URLs will be limited to http or https or mailto. (We may expand to tip jar style custom mobile URIs based on user demand but often there are https equivalents.) There is no terms of service requirement that a mailto appear or that it match the email address on file.

GroupProfile

A group profile only exists for named groups, "g-" groups.

PrincipalProfile allows getting at fields for either a person or a group.

In lieu of a ubiquitous profile object, there is a short Markdown descriptor available for any group.

For the public group, it is the term "everyone" appropriately localized. For an individual, "p-" group, it is the name if visible or otherwise "person#[auto-assigned-number]" with "person" appropriately localized For a "g-" group, it is the group name if visible or otherwise "group#[auto-assigned-number]" with "group" appropriately localized

GroupProfile currently has no fields beyond PrincipalProfile.

Named groups also have GroupMembership which is a separate domain object.

GroupMembership

GroupMembership lists which groups are in a named group.

Semantically, a group has organizers (can edit the group membership and the group profile) and members (cannot). Another group is in the group if it is either an organizer or member or it is transitively in any element of organizers or any element of members.

For shorthand this specification says a person is in a group when that person's corresponding p- group is in the group.

In the database, it's sufficient to represent groups via a table with three columns (contains, contained, role). The first two can be keys. The left column only contains g- group IDs, but the second can contain either g- or p- group IDs. Role is an enum (organizer, member).

It is legal for two named groups to contain each other. To rule otherwise would mean managing race conditions in databases between different group organizers. Code must not iterate members of groups without taking measures to avoid cycles.

Databases can efficiently compute this. AGE extends Postgres to make transitive closure computation efficient via cypher queries.

In the type representation, absent a database, it's convenient to have a bit more structure for a group, to break p- members out since they don't need to be transitively traversed. This would allow computing group membership on the client if really necessary.

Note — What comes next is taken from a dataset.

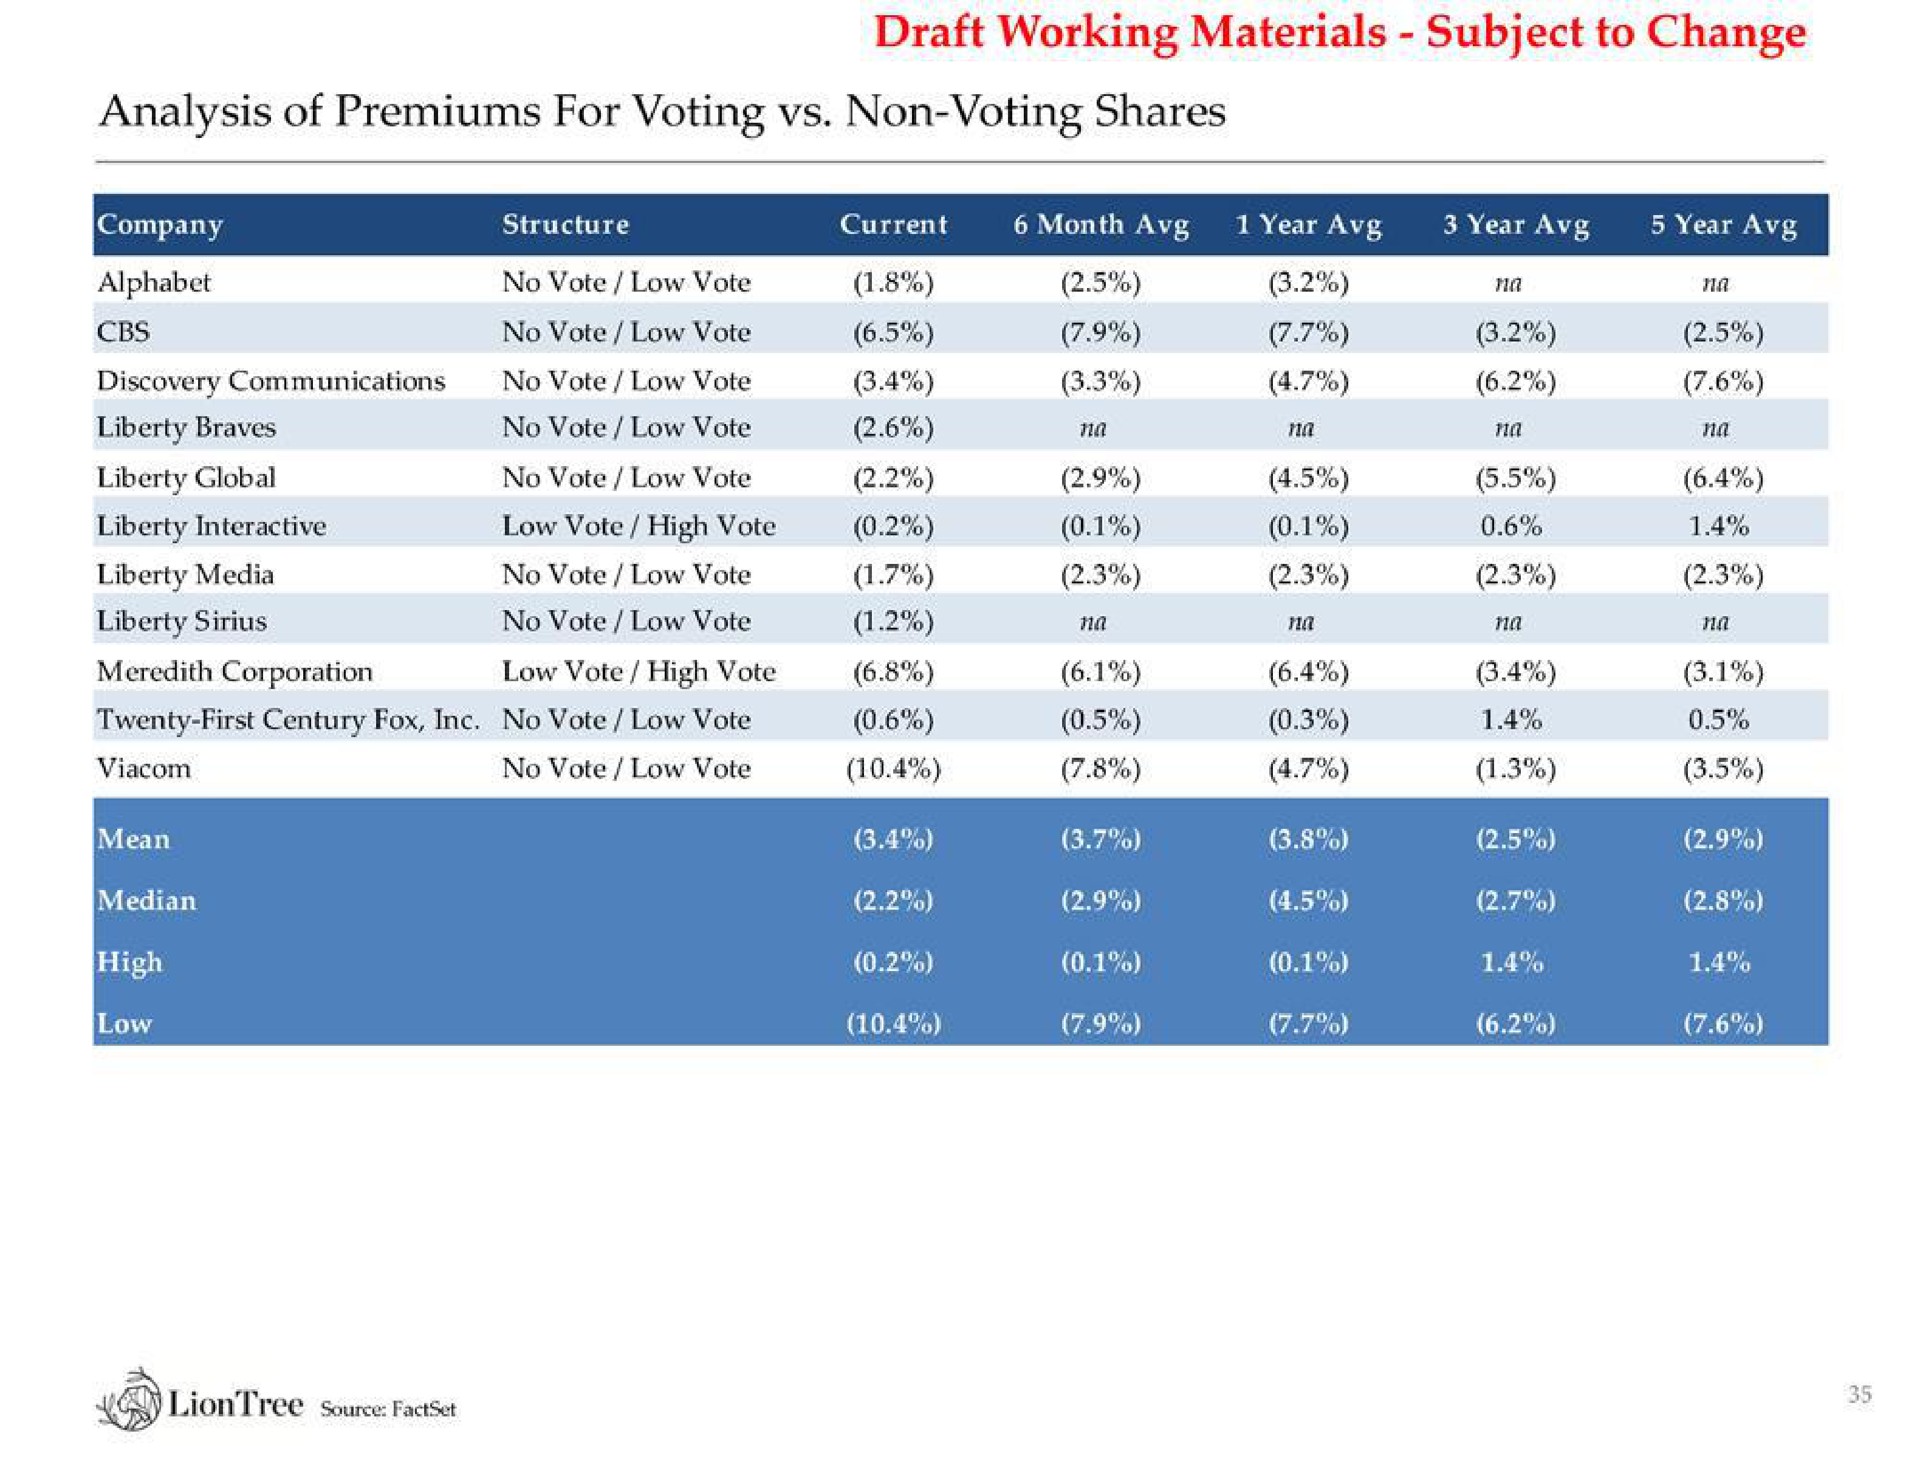 analysis of premiums for voting non voting shares draft working materials subject to change | LionTree
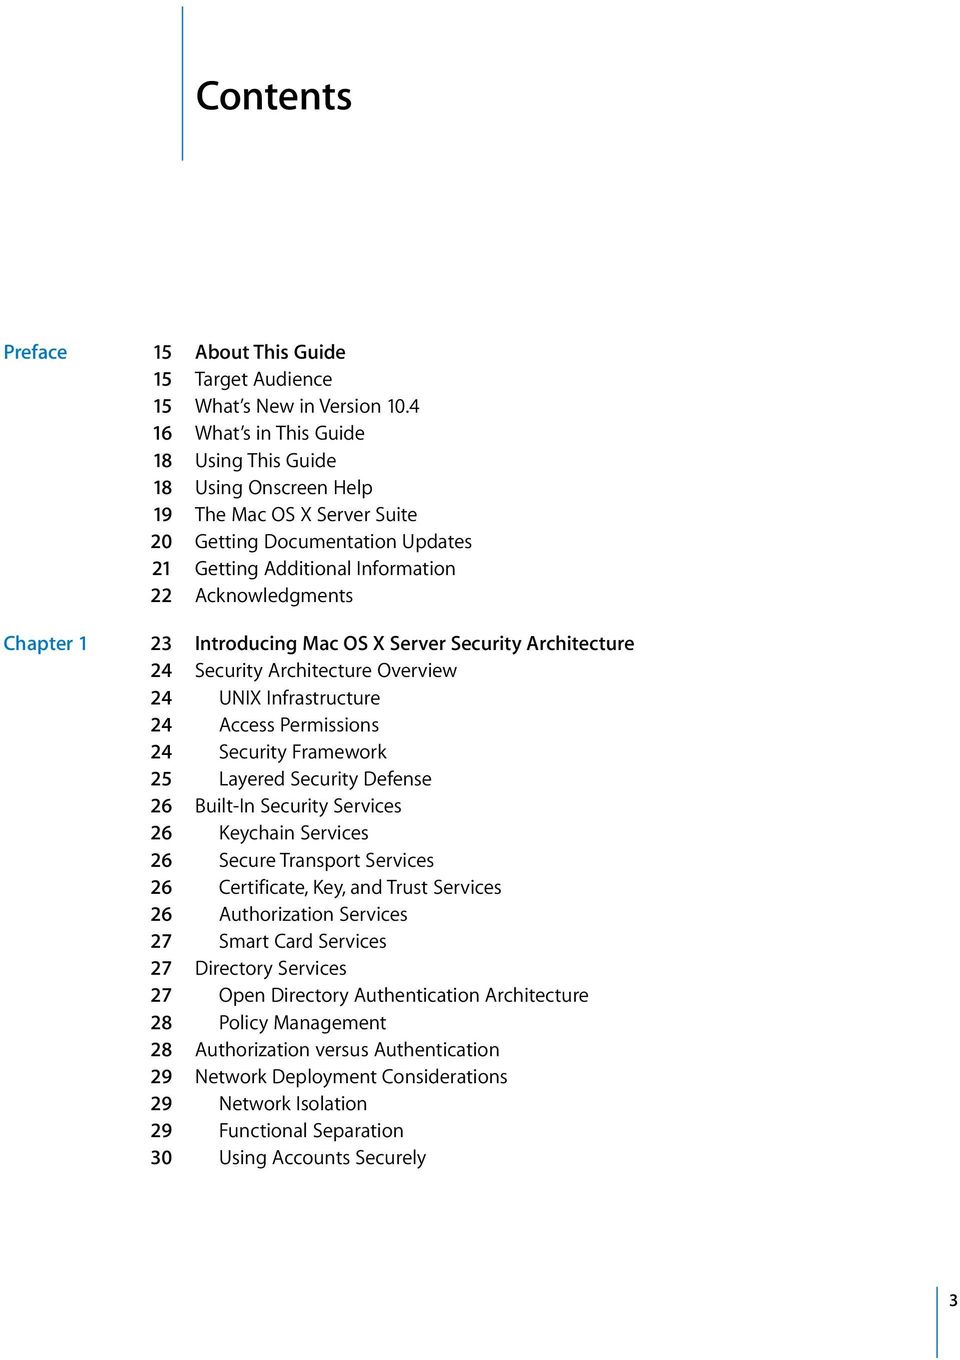 Introducing Mac OS X Server Security Architecture 24 Security Architecture Overview 24 UNIX Infrastructure 24 Access Permissions 24 Security Framework 25 Layered Security Defense 26 Built-In Security

Fields: - gOrganizers: List<Int64>, the auto-assigned ID parts of g- IDs. - gMembers: List<Int64>, the auto-assigned ID parts of g- IDs - pOrganizers: Set<PersonId>, the auto-assigned ID parts of p- IDs. - pMembers: Set<PersonId>, the auto-assigned ID parts of p- IDs

Here's an algorithm that is not efficient but which memoizes well, and can be used in test code and to check against a cypher implementation for equivalence. For checking group membership, memoized, takes two group IDs, container and contained, and a memo-table:

  1. if the two group IDs are the same, return true
  2. if the contained is the special group public, return false
  3. if the container is the special group public, return true
  4. if the container is a p- ID return false because it only contains itself and failed the check above
  5. if memoTable[pair(container, contained)] is present, return it
  6. let containerId: Int64 be the container's auto-assigned id part because it must be a g- group
  7. let containedId: Int64 be the contained's auto-assigned id part
  8. let isP: Boolean be true when contained is a p- group. Otherwise it's a g- group because we eliminated the special group public above.
  9. set memoTable[pair(container, contained)] = false. Guarantees halting even in the presence of group membership cycles.
  10. let result = false
  11. if isP and containedId is in either pOrganizers or pMembers, set result to true
  12. else if !isP and containedId is in either gOrganizers or gMembers, set result to true
  13. else for each element of the union of gOrganizers and gMembers
  14. recursively check group membership of container and element with the same memo-table
  15. if it is a member, set result to true and break from the loop
  16. set memoTable[pair(container, contained)] = result
  17. return result

For efficiency and ease of use, UserContext contains a GroupMembership helper object that either uses storage to check or caches group membership operations so that repeated questions about group membership can be efficiently answered.

LibraryProfile

A library profile has information about a library.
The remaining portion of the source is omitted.